Commelina efoveolata has been historically considered a synonym of C. leiocarpa , exclusively due to their indehiscent, glaucous and dark-coloured fruits. Campbell (2008) transferred Phaeosphaerion efoveolatum C.B.Clarke to Commelina as distinct from C. leiocarpa but provided no explanation or rationale for that decision. Nonetheless, both species are morphologically distinct ( Figs 5 View Fig , 9 View Fig ), with their distribution overlapping slightly only in Honduras and Nicaragua ( Fig. 6 View Fig ).

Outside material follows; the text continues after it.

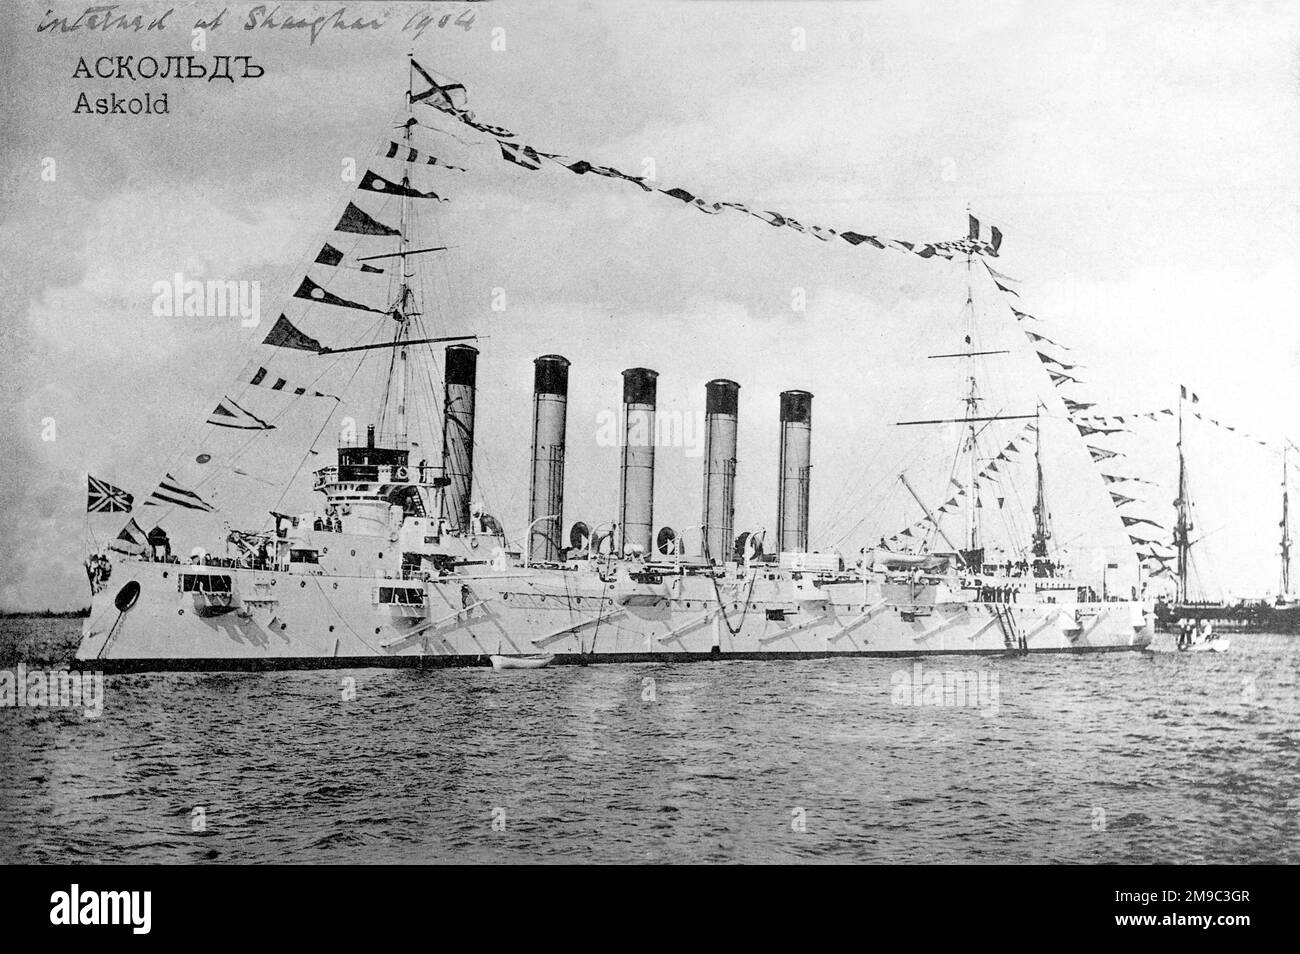 Imperial Russian Navy - HIMS Askold, a protected cruiser. This ship was notable for having five funnels and its high turn of speed. During the Russo-Sino war in 1904, Askold was damaged and failed to join with the Pacific fleet from Vladivostok. She was interned at Shanghai until the war ended. Stock Photo
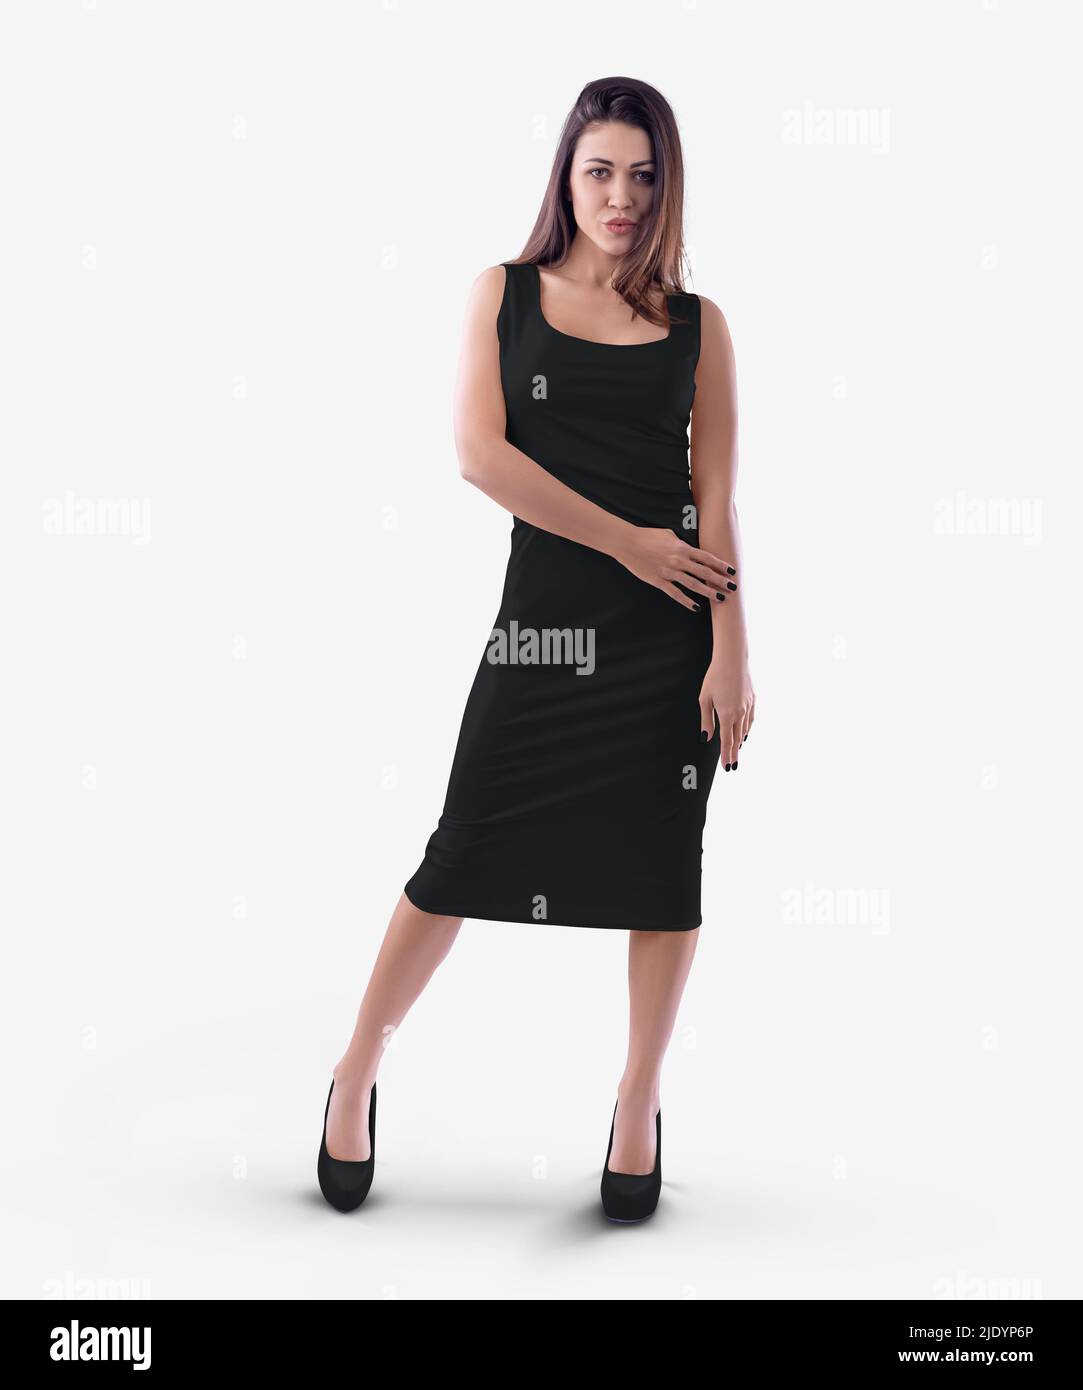 Mockup of a black tight knee-length dress on a beautiful girl, isolated on background, front view. Blank sleeveless sundress template, for design, pat Stock Photo

They differ in stem branching pattern and pubescence (branched from the base or almost so, sparsely to densely hispid with acicular hairs in C. efoveolata vs branched in the upper half or upper third, scabrid with a mixture of prickle- and hook-hairs in C. leiocarpa ), leaf-blade pubescence (adaxially sparsely to densely hispid with acicular hairs, abaxially sparsely to densely hispid with acicular hairs, hairs generally congested along the midvein vs adaxially glabrous to scabrid with a mixture of prickle- and hook-hairs, sometimes also sparsely pilose along the midvein, abaxially scabrid with a mixture of prickle- and hook-hairs and pilose along the midvein), leaf-blade margin (ciliate with a mixture of prickle- and acicular hairs vs papillose), spathe pubescence (externally sparsely to densely hispid with acicular hairs, margin scabrid or ciliate with prickle- or acicular hairs vs externally glabrous to scabrid with a mixture of prickle- and hook-hairs), sepal pubescence (dorsal sepal pilose along the midvein vs glabrous), petal colouration (white to light blue vs sky blue), antherodes colouration and morphology (yellow, upper lobes conspicuous, lower lobes spathulate to obovate vs white, upper lobes absent, lower lobes filiform), mature fruit colouration (dark burgundy to atro-vinaceous to black vs dark blue to bluish-black to black), and seed morphology (not cleft towards the embryotega, testa shallowly rugose vs cleft towards the embryotega, testa foveolate) ( Table 1 View Table 1 ). Thus, we reestablish C. efoveolata as an accepted and morphologically diagnosable species.